A second method to determine Vei, which is commonly used in clinical practice,
is by using the following formula:

Vei = Vt x Pplateau / Pplateau - PEEPtotal (Vei_formula)

The pressures in this formula can be measured by performing occlusion maneuvers
as described above. The plateau pressure (Pplateau) is the airway pressure
measured during an inspiratory occlusion and the total amount of positive end
expiratory pressure (PEEPtotal) is the airway pressure measured during an
expiratory occlusion. PEEPtotal is the sum of externally applied PEEP plus the
amount of intrinsic PEEP, the latter represents dynamic hyperinflation. The
pressures measured are the mean pressures of the alveoli that are open during
an occlusion.
A third method to determine Vei is by measuring the expired volume using the
flowsensors of the ventilator. In this method, the patient is briefly (max 45
seconds) switched to another ventilation mode, that allows passive exhalation
for up to 45 seconds (pressure support ventilation (PSV)). The expired volume
is detected by the ventilator and allows calculation of Vei (Vei_ventilator).
This method is easy to use in clinical practice, there is no need for
additional equipment and there are no additional costs. However, this method
has not yet been clinically validated.
The aim of the study is to compare two clinically used methods for measurement
of Vei
against the gold standard.

The primary objective of this study is to validate two clinically applicable
techniques to measure pulmonary hyperinflation (Vei) in mechanically ventilated
patients with airflow obstruction. This will be done by assessing differences
between the two techniques and the gold standard.

This study is a single centre non-therapeutic observational study performed in
invasively ventilated patients on the intensive care unit (ICU) with airflow
obstruction. The gold standard will be compared with two clinically applicable
techniques to determine Vei in each patient. Measurements will take about 15
minutes, a second set of measurements will be performed if values are outside
the range dictated by our clinical protocol and after ventilator settings are
changed according to the clinical protocol.

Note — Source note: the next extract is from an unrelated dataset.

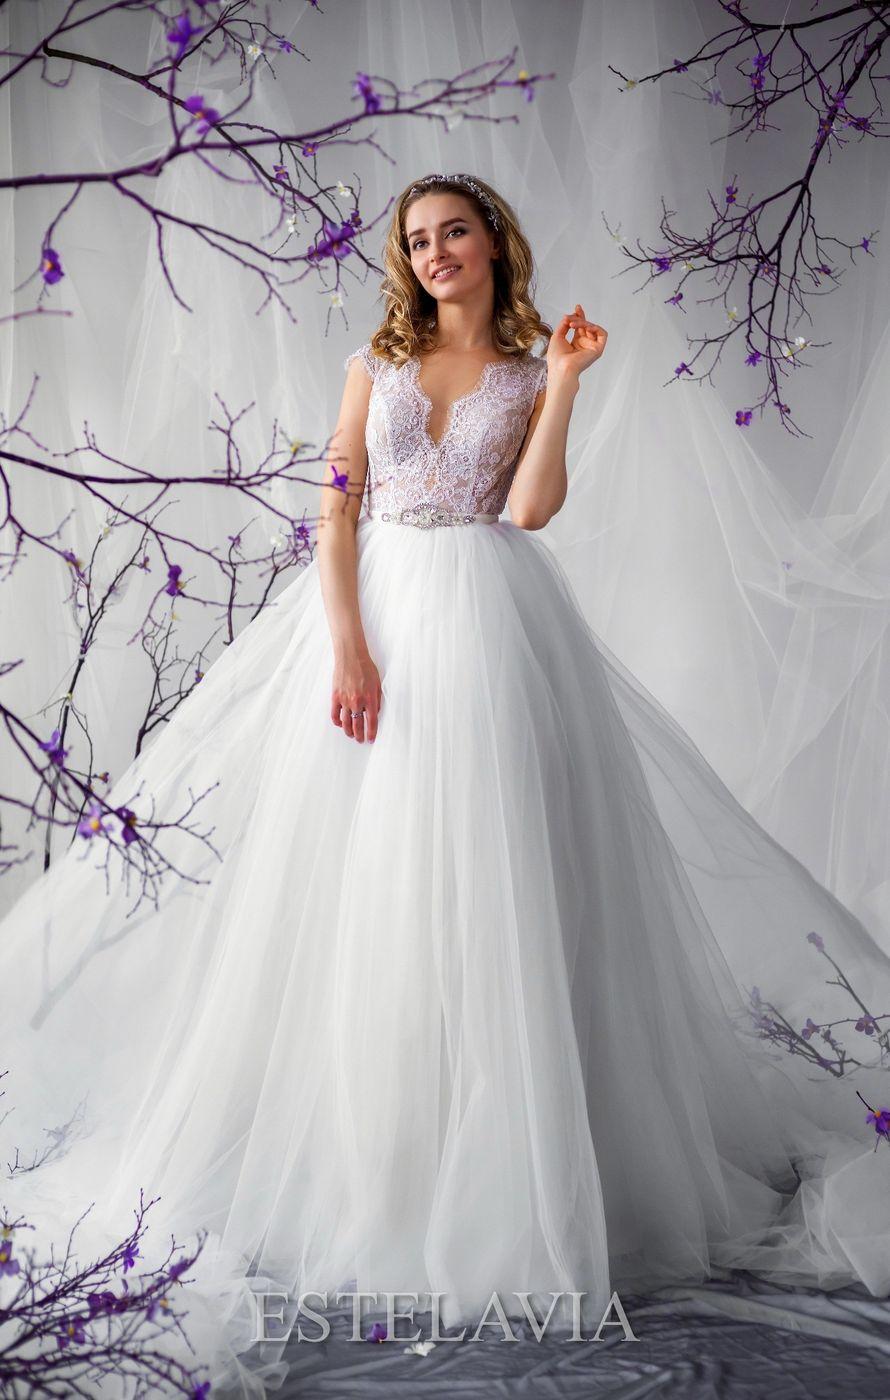 Фото 15450118 в коллекции Estelavia - Tyumen Wedding - салон свадебных платьев

The Vei is measured in patients to allow safe mechanical ventilation according
to the clinical protocol. In case the Vei is outside the range dictated by the
clinical protocol, ventilator settings will be modified according to the
protocol and Vei will again be measured in various ways. This could be a
potential benefit for patient care.

Occlusion manoeuvers:
Occlusion manoeuvers are frequently performed in clinical practice in this
patient population to determine the Vei_formula. In this study the time for
expiration (Te) will be slightly longer than according to the current clinical
protocol (maximum 45 seconds, instead of 20 seconds). However, in clinical
practice patients with airflow obstruction ventilated with volume control
ventilation (VCV), may be disconnected from mechanical ventilation several
times a day for a period up to 1 minute to avoid hyperinflation. So in fact,
the study procedures are not importantly different from clinical practice.
Risks are negligible and the burden can be considered minimal. For patient
safety, measurements will be terminated in case:
• arterial oxygen saturation < 90%
• heart rate > 140/minute or an increase or decrease in heart rate of more than
20%
• systolic blood pressure > 180 mmHg or < 90 mmHg

Blood withdrawal:
Blood will be withdrawn at least once, and in case ventilator settings are
changed, twice. Each sample requires 1.0 ml of blood. Blood will be withdrawn
from an indwelling arterial catheter already present as part of routine
clinical care. Therefore, no adverse events are anticipated from blood
withdrawal.

This study can only be performed in invasively ventilated ICU patients. The Vei
is already determined several times a day in this population to allow safe
mechanical ventilation. In healthy subjects with airflow obstruction dynamic
hyperinflation can also occur, but these subjects are not yet respiratory
insufficient and thus these subjects have different lung dynamics. Airway
collapse could perhaps be simulated, but this is obviously clinically less
relevant as it remains a model and cannot reflect the true in vivo situation.